Pushing Python toward C speeds with SIMD

In fields like data science and image processing, running time-intensive computations in a for loop iterating over an array is essential, and in a language like Python, receiving a runtime error due to some array shape mismatch hours into a computation is inexcusable, though all too commonplace. Speeding up array computations in Python code can always provide huge benefits in both research and industry, so I was thrilled to learn about Numba, a JIT compiler for Python code with a focus on optimizing NumPy.

Numba works by outputting LLVM instructions for functions with a special decorator, and calling those pre-compiled functions in place of running the Python interpreter in the function body. What I find to be one of the coolest features of Numba is its ability to translate some loops into vector instructions, also called SIMD instructions, meaning "Single Instruction, Multiple Data."

SIMD is a variety of "data parallelism" that works when applying the same instruction to every element in an array. Instead of applying the instruction to the first element of the array, then the second, then the third, etc., a program that is vectorized/uses SIMD instructions will work on 4, 8, 16 or more elements of the array with a single instruction.

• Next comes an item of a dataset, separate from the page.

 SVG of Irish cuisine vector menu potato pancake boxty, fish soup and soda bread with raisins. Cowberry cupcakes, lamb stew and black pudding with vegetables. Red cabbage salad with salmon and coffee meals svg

Let's compile an example program using Numba, which sums all elements of an array.

1
2
3
4
5
6
@jit(nopython=True)
def arr_sum(arr):
    total = 0
    for i in range(arr.shape[0]):
        total += arr[i]
    return total

This function takes a NumPy array as an argument, and rather than call NumPy's built in np.sum, it runs an explicit for loop iterating over each element. The nopython=True argument to the @jit decorator tells Numba to disallow calls to the Python interpreter.

Numba compiles this for loop to LLVM, which does its own semantic analysis. When LLVM recognizes a for loop performing the same operation to every element in the array, it invokes auto-vectorization to output SIMD instructions.

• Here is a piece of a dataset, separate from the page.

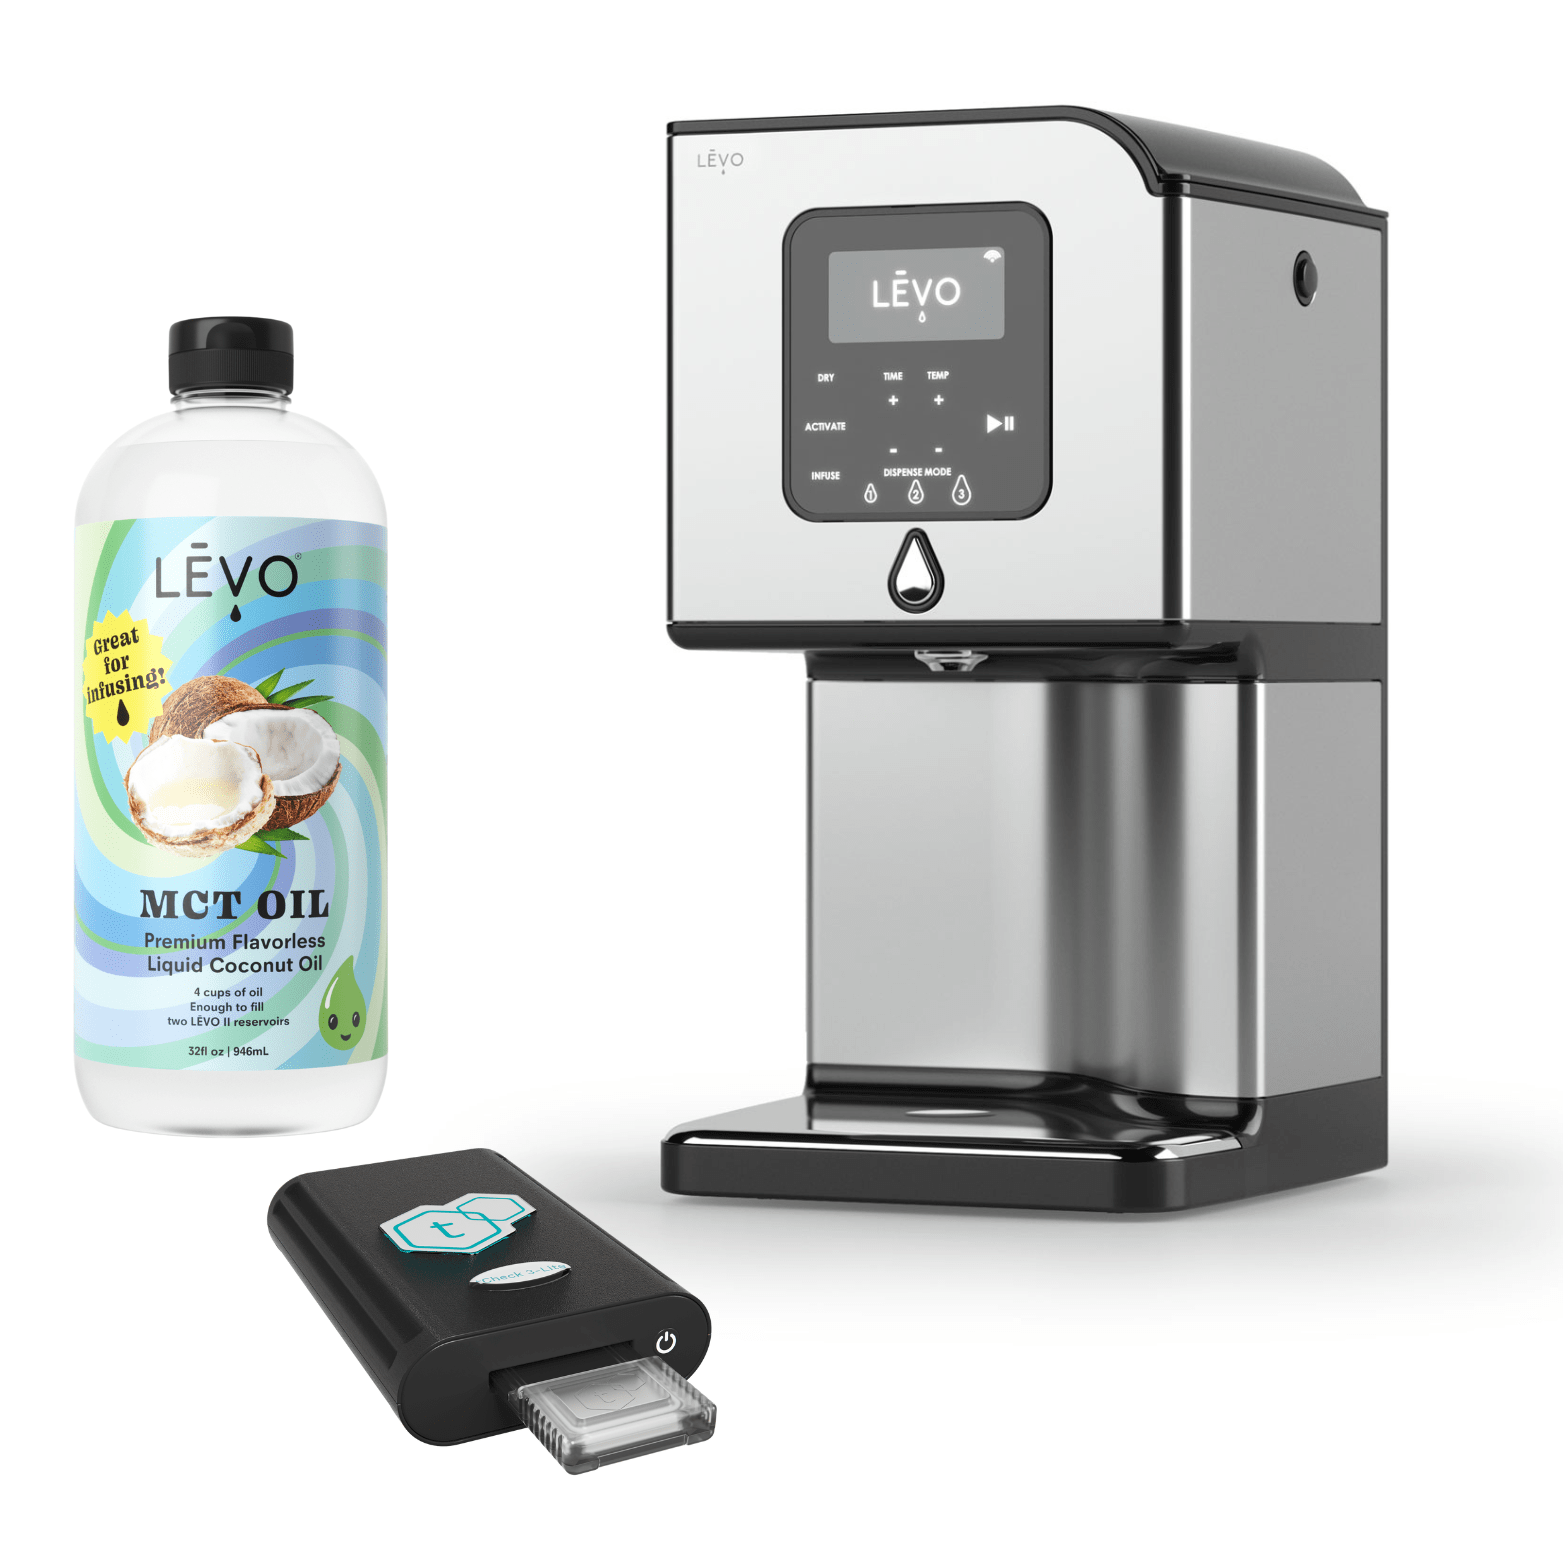 LEVO Lux oil infuser with tCheck 3 potency testing device and LEVO MCT Oil. LĒVO Lux x tCheck Potency Tester Bundle: Infuse and test with precision.

I'll include the below excerpt of the actual assembly output just to give a flavor of what the compiled output looks like. The important thing to keep in mind here is simply that the vector registers in Intel architectures are always named %xmm and %ymm, and the instructions operating on vector registers have names always starting with v like vpaddq, vpmovzxdq, and vpxor. Seeing this in our assembly output, we know that our program is running with SIMD parallelism!

1
2
3
4
5
6
7
LBB0_6:
	subq	%rcx, %rsi
	vpxor	%xmm0, %xmm0, %xmm0
	xorl	%edx, %edx
	vpxor	%xmm1, %xmm1, %xmm1
	vpxor	%xmm2, %xmm2, %xmm2
	vpxor	%xmm3, %xmm3, %xmm3

Let's take a look at how effective Numba JIT-compilation with SIMD parallelism is on the array sum program in comparison with a vanilla Python for loop, or with np.sum().

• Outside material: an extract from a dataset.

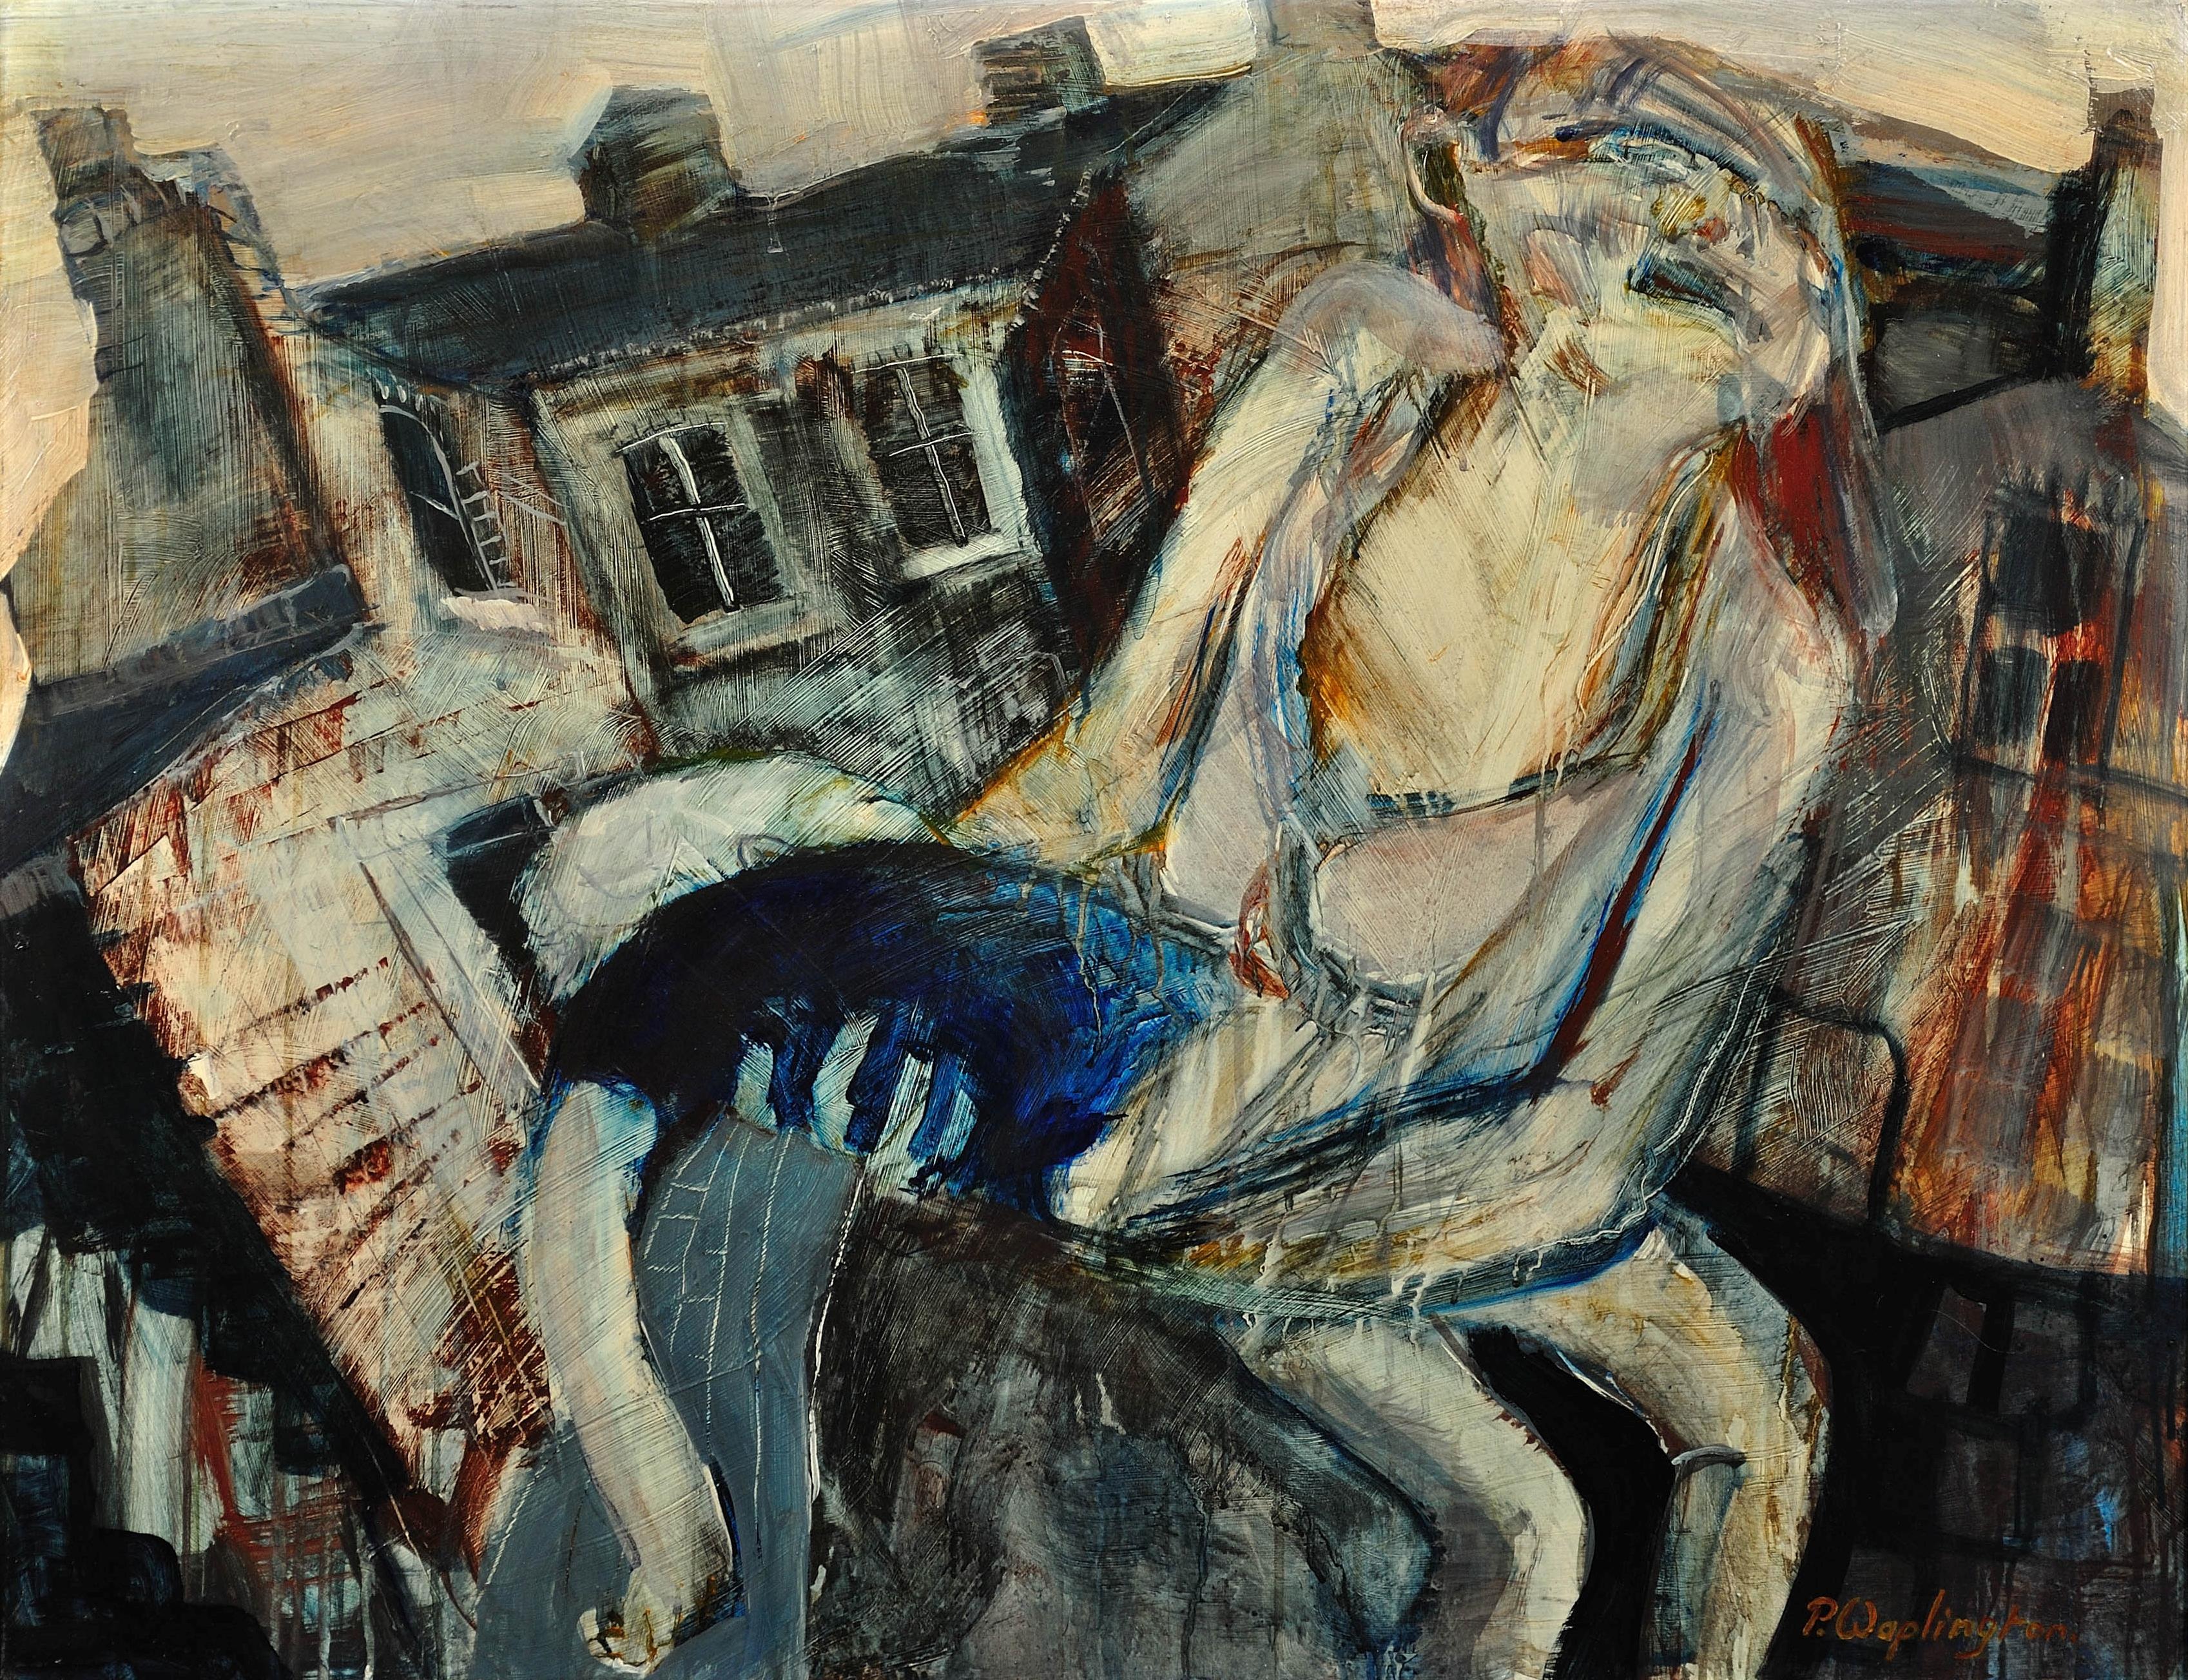 Mother with Injured Child, Forest Fields, Nottingham. Real Life. Drama. - Modern Mixed Media Art by Paul Anthony Waplington

This shows in microseconds the average run time over 1000 iterations of summing integers in a 65,000-length array. We see that using NumPy's sum() function already provides a huge performance improvement over vanilla Python, and Numba with an explicit for loop is even faster. If the programmer leaves in a np.sum() inside a Numba JIT-compiled function, however, since LLVM does not know how to optimize NumPy functions, the program actually performs worse than if it had not been JIT-compiled and just used vanilla NumPy.

I also wanted to compare against implementations of the same program in C, and in C using the __m128i _mm_add_epi32(__m128i a, __m128i b) Intel intrinsic to vectorize the program to sum 4 array entries at a time. The Numba JIT-compiled vectorized array sum actually comes very close to achieving vanilla C speeds! Using the SIMD intrinsics in C brings us even closer to the hardware though, resulting in the fastest version of array sum as expected.

The idea that hardware sits mostly dormant on my system that, in the right scenario, can speed up computation on my machine simply by having the compiler output a different instruction fascinates me. Numba provides a very accessible interface for trying out SIMD without the complexity of programming using intrinsics that I would highly encourage anyone interested in speeding up their Python computations to try out.